Les sons Modalys purs m’intéressent peu car je les trouve assez peu musicaux. J’ai donc passé beaucoup de temps à les « recomposer », en les combinant à de multiples sources sonores obtenues soit par synthèse, soit par traitements, soit, tout simplement, échantillonnés à partir d’enregistrements d’instruments réels. Ils sont joués en temps réels, et modulés en fonction du jeu et de la frappe de l’instrumentiste. C’est valable pour les percussionnistes comme pour les pianistes. C’est pour cela qu’on a imaginé le dispositif, dont je parlais tout à l’heure, de clavier MIDI fixés devant le clavier réel du piano.
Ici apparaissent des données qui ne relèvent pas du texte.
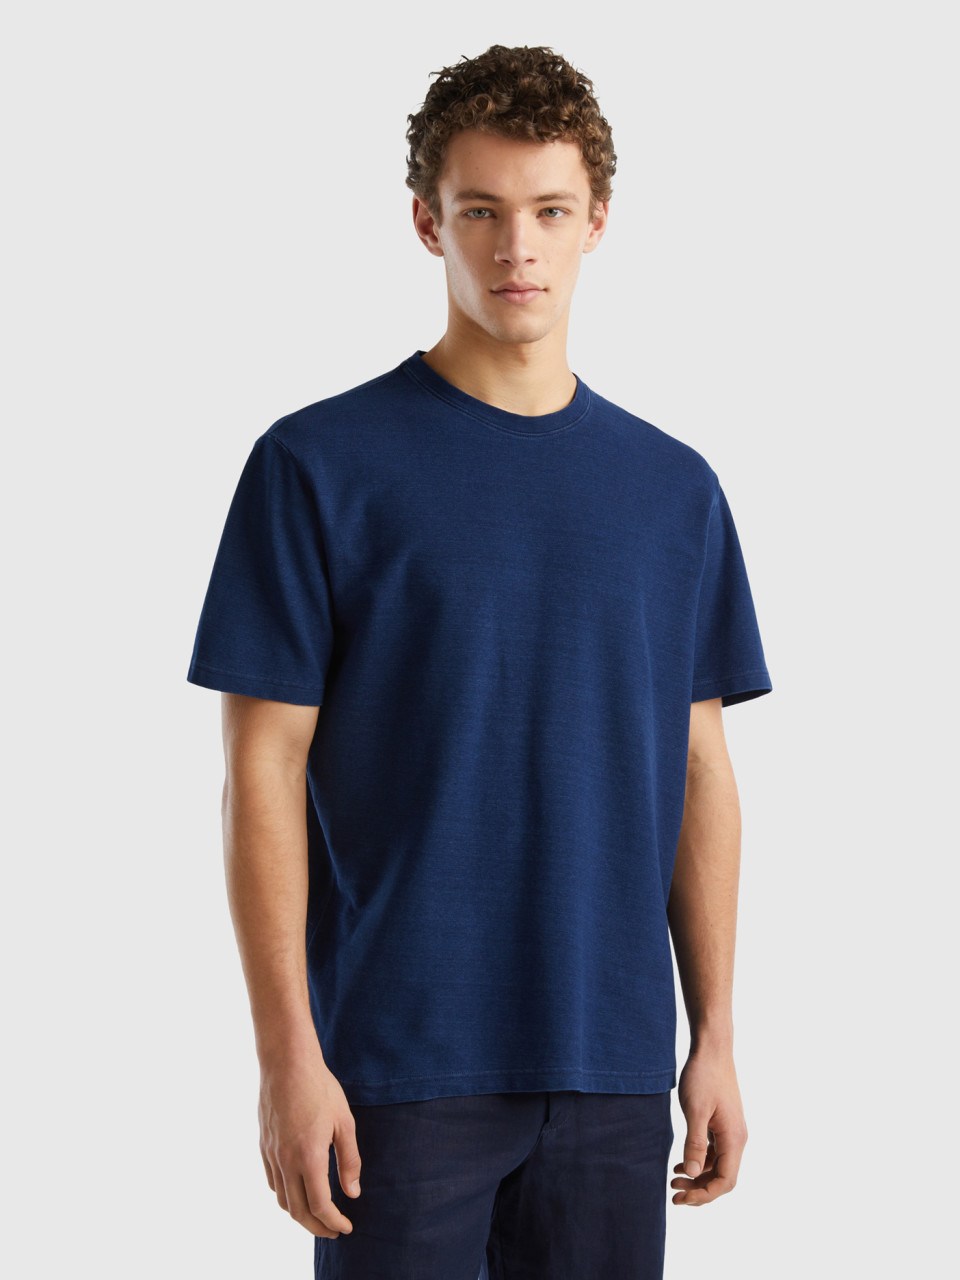 Benetton, T-shirt Relaxed Fit, größe M, Blau

Ce dispositif répond d’ailleurs à celui qui sert dans la pièce de Magnus Lindberg, que vous mentionnez, même si Lindberg a recours à des claviers MIDI qui se superposent à celui du piano. Grâce à l’Ircam, j’ai pu utiliser des claviers au toucher lourd, plus « pianistique », dont la disposition permet un jeu beaucoup plus naturel. Pour revenir à votre question concernant l’héritage de Stockhausen, le doublement des sources (deux pianos, deux percussionnistes) ajoute au principe de Kontakte une idée de spatialisation, que j’exploite avec un jeu responsorial un peu boulézien – sans parler des possibilités des instruments augmentés en termes d’interactions (captations et réinjections dans les pianos, captations croisées, d’un piano vers un autre, captations de percussions réinjectées après transformations dans les pianos ou les grosses peaux), de traitements en temps réel, et de diffusion de fichiers sons écrits en amont. Quant au Bartók, c’est une pièce que j’ai jouée, comme beaucoup de pianistes, mais, du point de vue compositionnel, la référence est plus lointaine.
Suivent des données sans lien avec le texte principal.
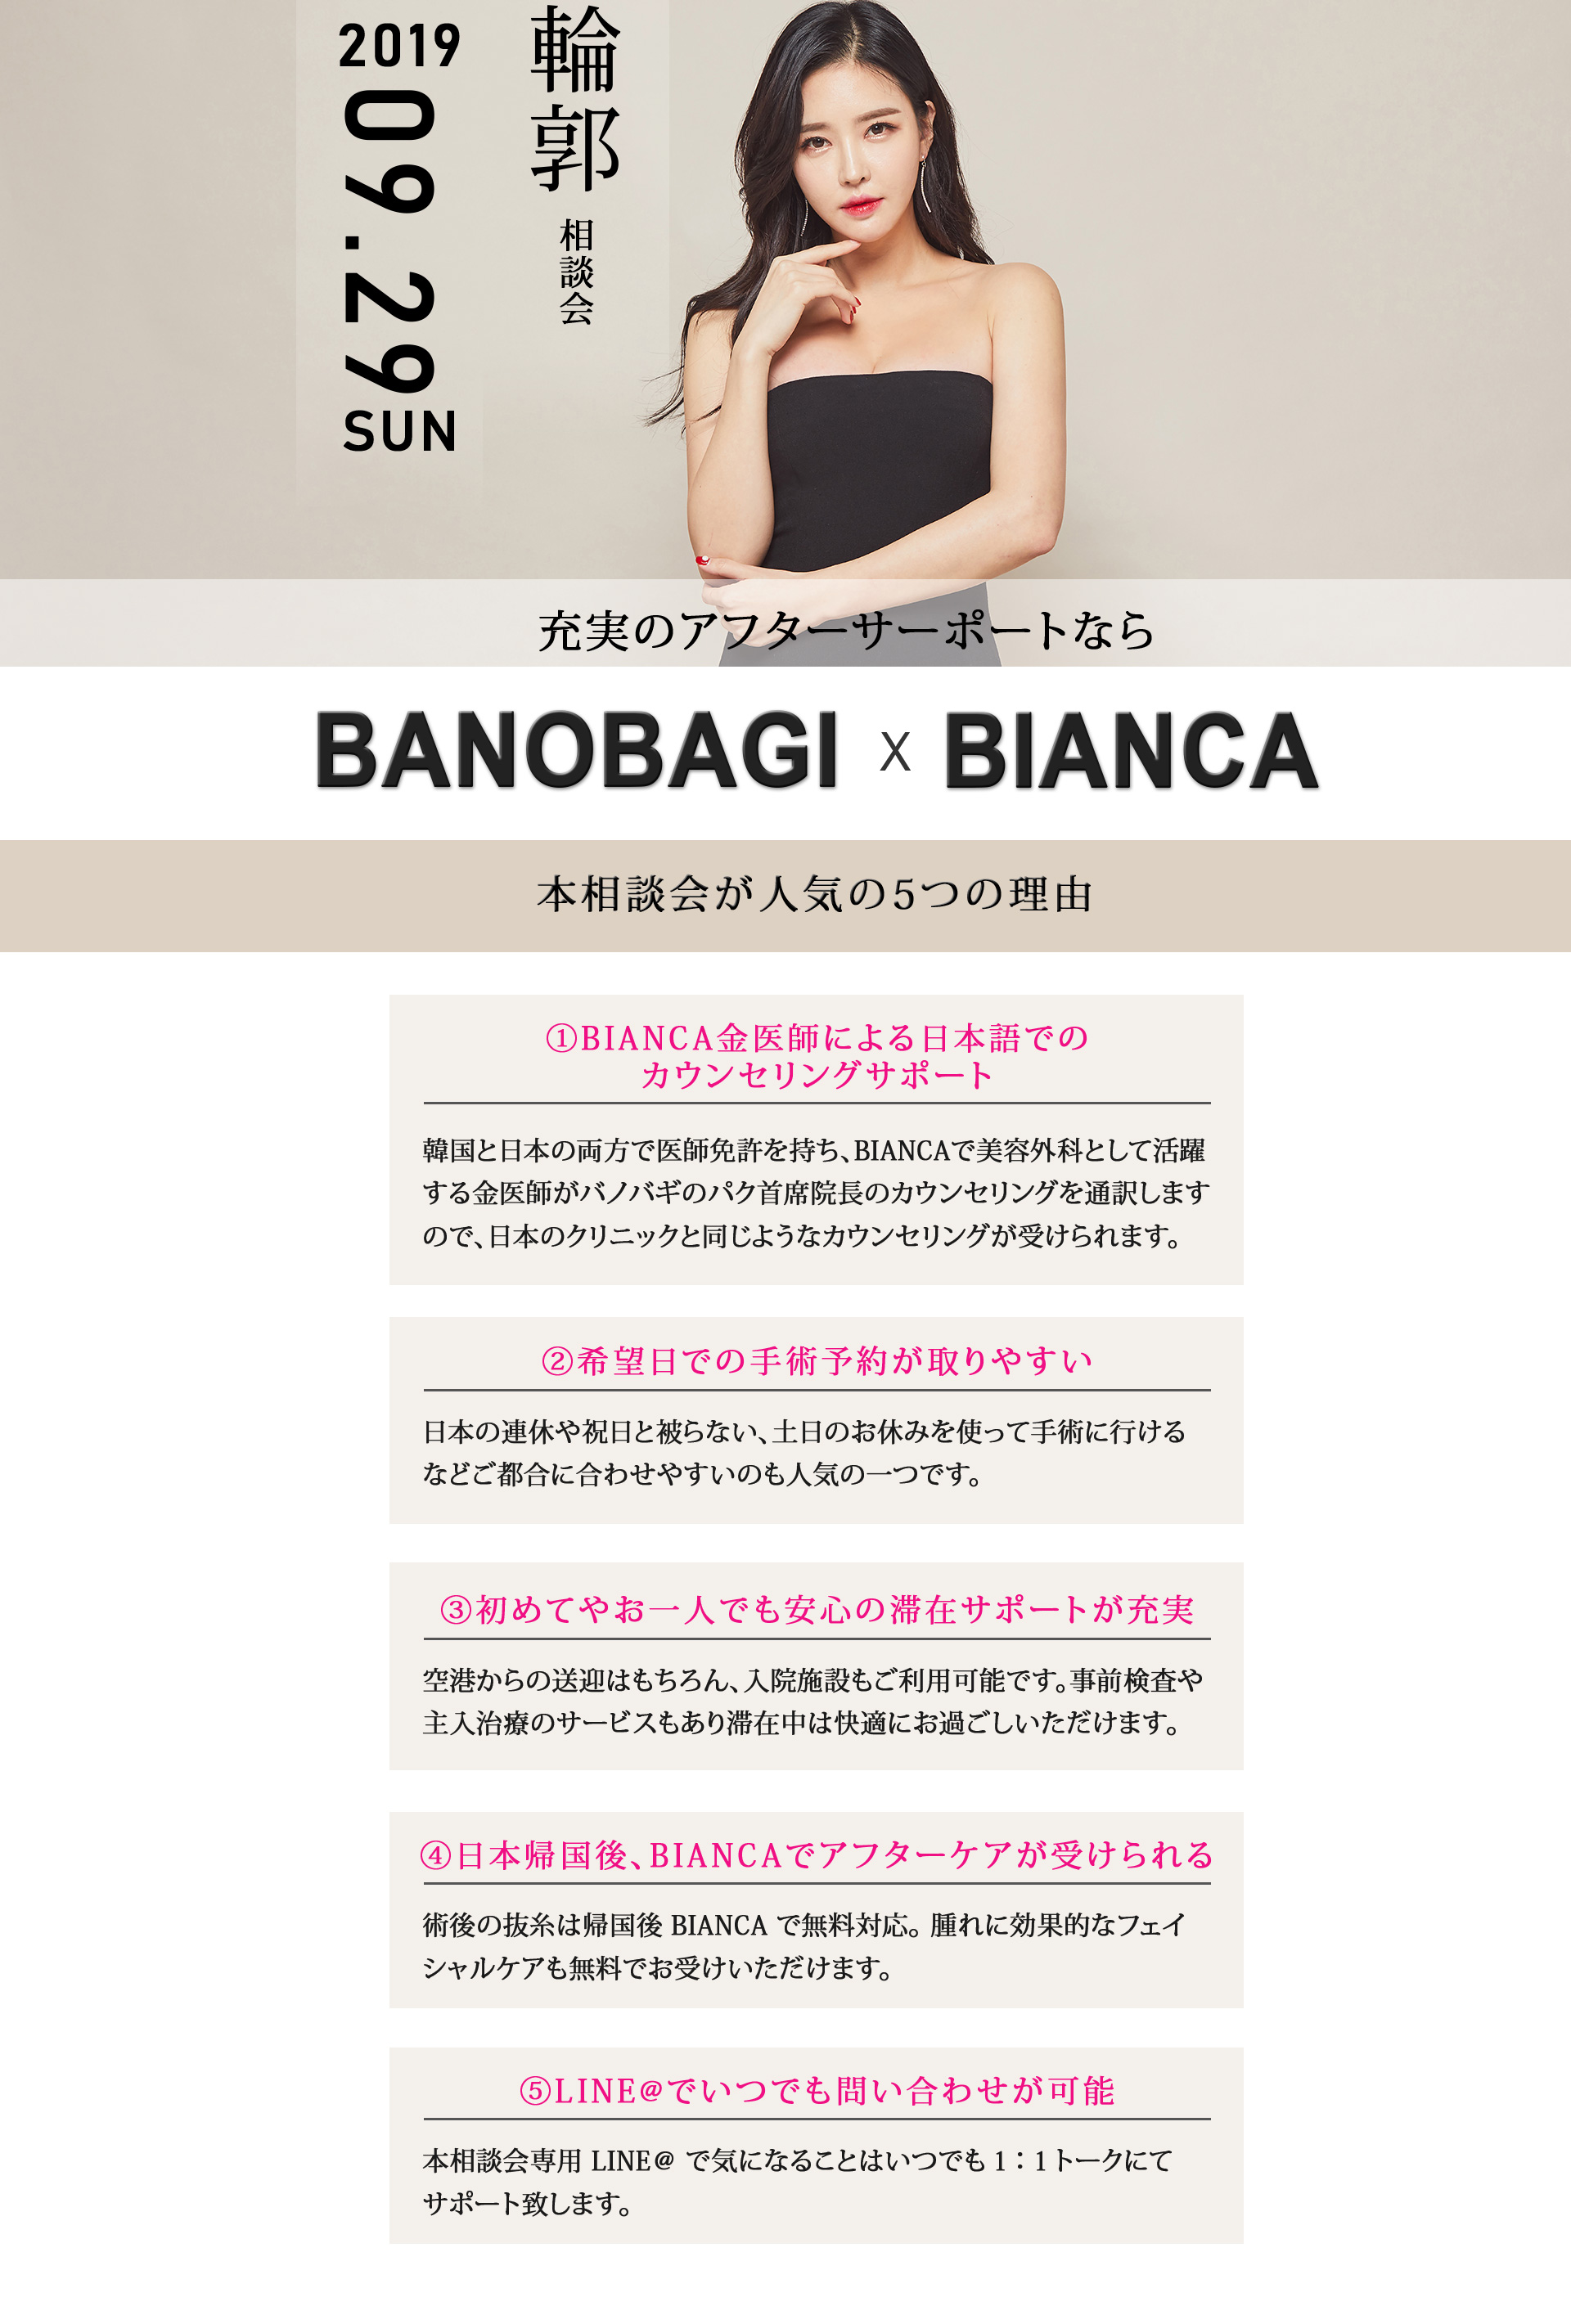 BANOBAGI X BIANCA 充実のアフターサーポートなら

De manière générale, comment abordez-vous et vous appropriez-vous un nouvel outil d’informatique musicale ?
La question est vaste. Je ne suis pas un spécialiste de l’électronique. Je suis avant tout un compositeur instrumental. Et, comme tous les compositeurs, écrire pour l’électronique me prend un temps considérable. Elle représente néanmoins une part non négligeable de mon travail. À ce titre, mon approche a beaucoup évolué. Par exemple, aujourd’hui, lorsque je joue Strophe 1, ma première pièce pour piano et électronique, c’est quasiment sans temps réel. J’en ai d’ailleurs réalisé une version avec deux fichiers audios afin de la jouer facilement, un peu partout, simplement avec mon ordinateur. En 2016, pour Strophe 3 à l’Ircam, au contraire, ce n’est quasiment que du temps réel. C’était un défi pour moi : je voulais essayer de retrouver et d’adapter une écriture électronique très instrumentale, donc toujours gérée par l’instrumentiste, dans la composition et la gestion du temps musical, et non des systèmes électroniques qu’il fallait suivre. Cette mise en œuvre est parfois très délicate : le temps réel peut en effet être assez contraignant au sens où, justement, il faut laisser le temps aux processus de faire leur œuvre. Dans tous les cas, je ne considère pas l’électronique comme une couche supplémentaire, qui se surimpose au discours : c’est la possibilité d’un discours en soi. Surtout ici : mon réalisateur en informatique musicale, Benjamin Lévy, a d’ailleurs fait un travail formidable à cet égard, et m’a considérablement aidé en me canalisant et en me permettant d’explorer nombre de concepts dont je n’étais pas familier. C’est un problème parce que, quand je découvre un nouvel outil, je suis comme un gosse : je peux me perdre dans l’exploration de ses possibilités et dans l’improvisation sur les matériaux générés – pour Catharsis, cela a surtout été le cas pour les percussions augmentées, que j’utilise là pour la première fois.